5x - 5x + 6y = 18 - 5x (here, you added 5x to the right hand side)

6y = 18 - 5x

6y/6 = (18-5x)/6

y = 3 - 5x/6 (When you divide by 6, you have to divide EACH TERM by 6 - this means you need to do 18/6 AND 5x/6)

So, you were on the right track, just a couple small things.
• June 12th 2008, 08:07 PM
mdudley
Thank you, a simple + or - can break me I now know this.

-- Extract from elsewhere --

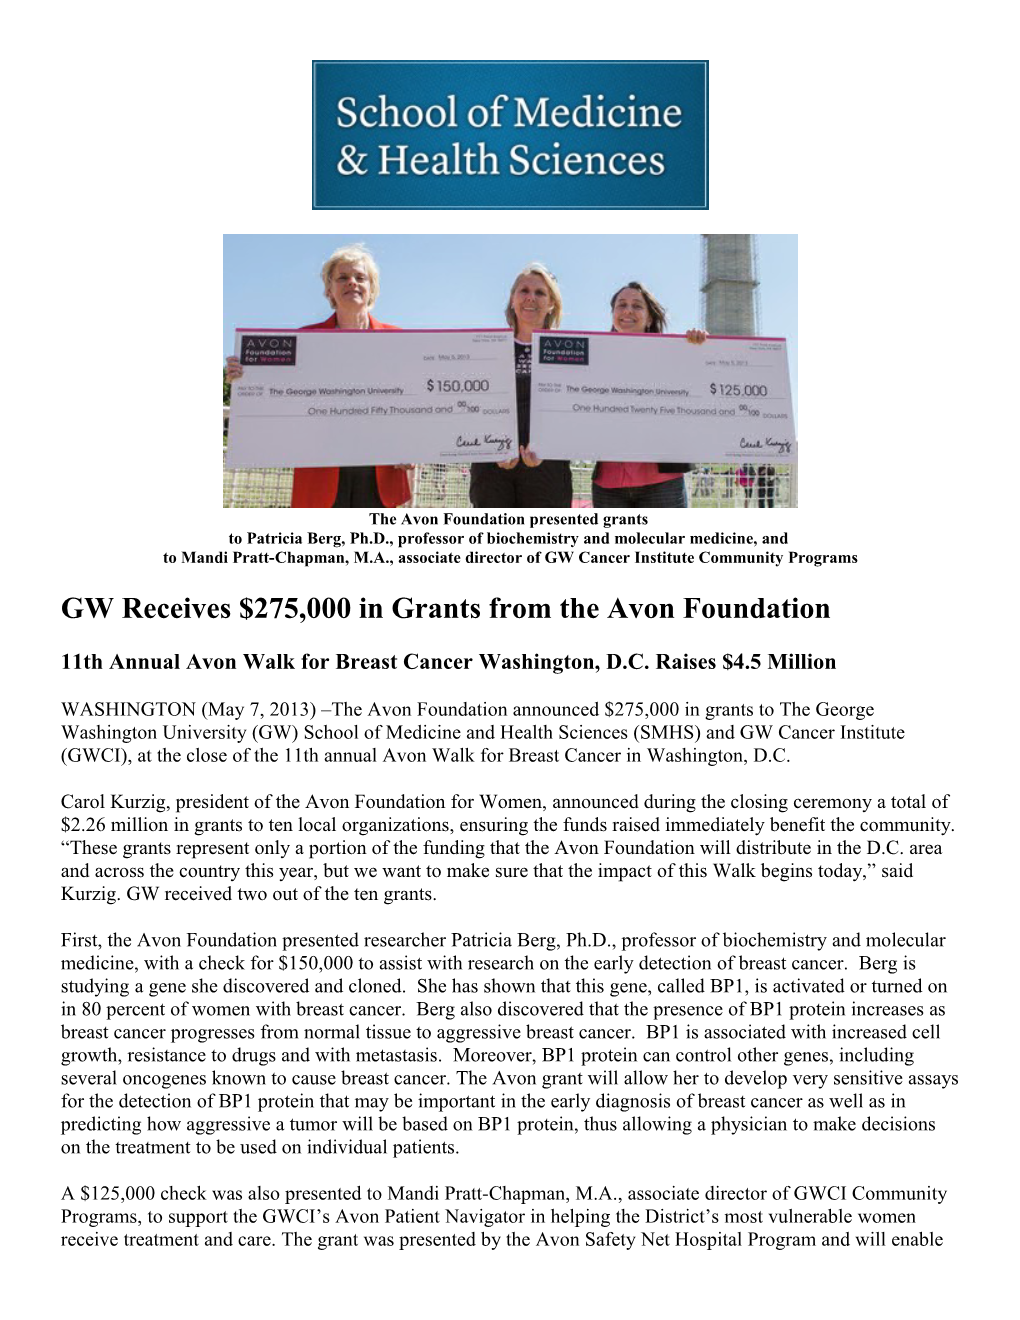 The Avon Foundation Presented Grants
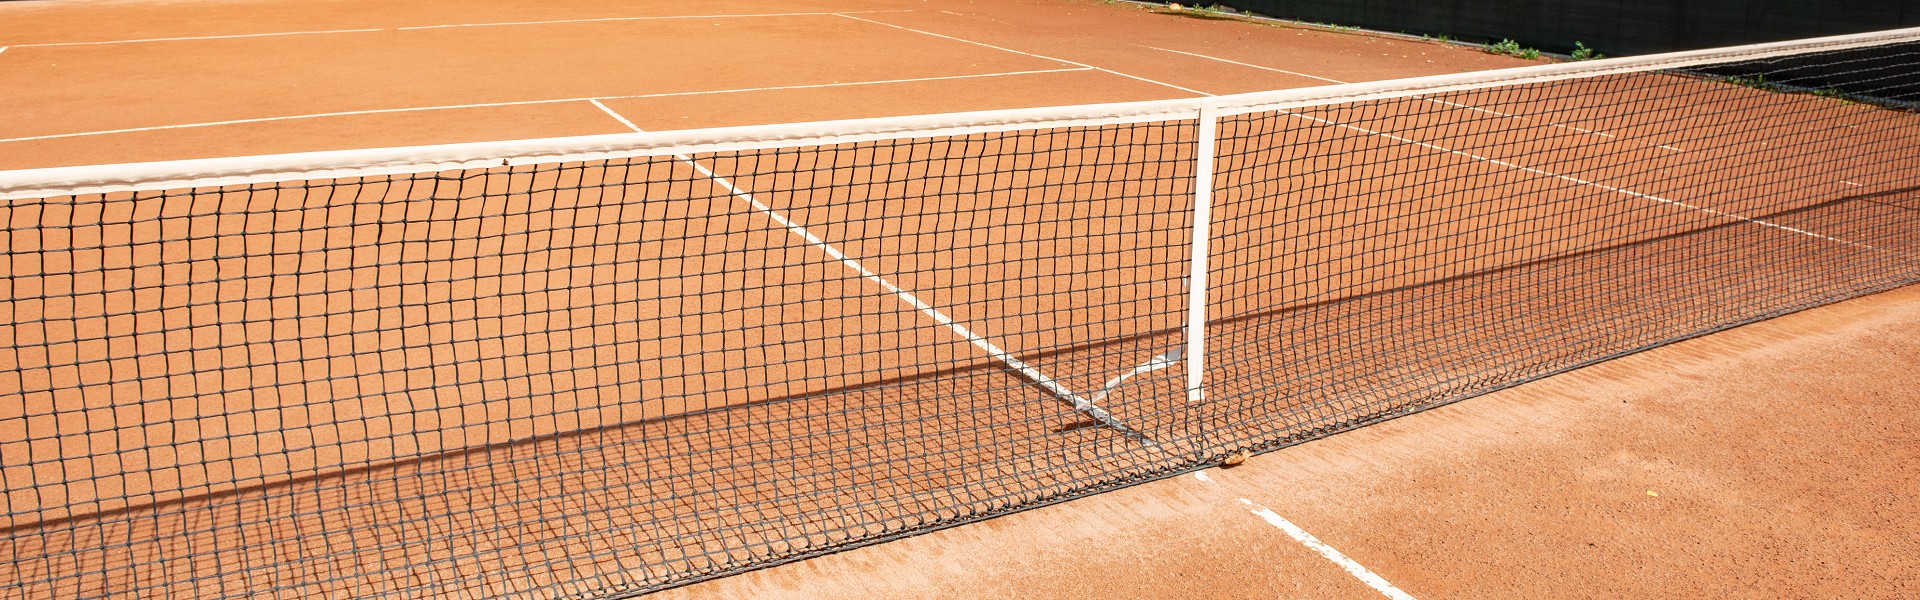 Circolo Tennis Genova | Corsi Tennis Adulti | Campo Tennis Manesseno | Tennis Coperto Genova

So when I plug in everything should it look like this?

5x + 6y = 18 solve for y
5x - 5x + 6y = 18 - 5x
6y = 18 - 5x
6y/6 = 18 + 5x/6
y = 3 - 5x/6

5x + 6(3 - 5x/6) = 18
5x + 18 - 30x/36 = 18
5x + 18 - 18 - 30x/36 = 18 -18
5x - 30x/6 = 0
30x/6 - 30x/6 = 0
x = 0

5(0) + 6y = 18
0 + 6y = 18
6y = 18
6y/6 = 18/6
y = 3

(0,3)

I will be so happy if I'm on the right trail.
• June 12th 2008, 08:43 PM
Mathnasium
Not quite. When you plug it back in, you get:

5x + 6(3 - 5x/6) = 18

5x + 18 - 5x = 18 (Note that [tex]6 \times \frac{5x}{6} = \frac{30x}{6} = 5x[\math].

18 = 18.

This means you've done it right - if you ended up with something like 12 = 18, you'd know you made a mistake.

The problem is NOT asking you to find numbers for x and y. The only thing you have to do when it says "solve for y" is to get y by itself and everything else on the other side. Your final answer is:

$y = 3 - \frac{5x}{6}$.

That's it!

Note that this does describe a relationship between x and y, and (0,3) does satisfy this relationship. However, note that there are an infinite number of combinations of x and y that work. If you put in, say, 6 for x, you get:

$y = 3 - \frac{30}{6} = 3 - 5 = -2$

so you get the point (6, -2).

If you were to graph ALL the points (there are an infinite number of them) that satisfy your equation, you'd get a straight line.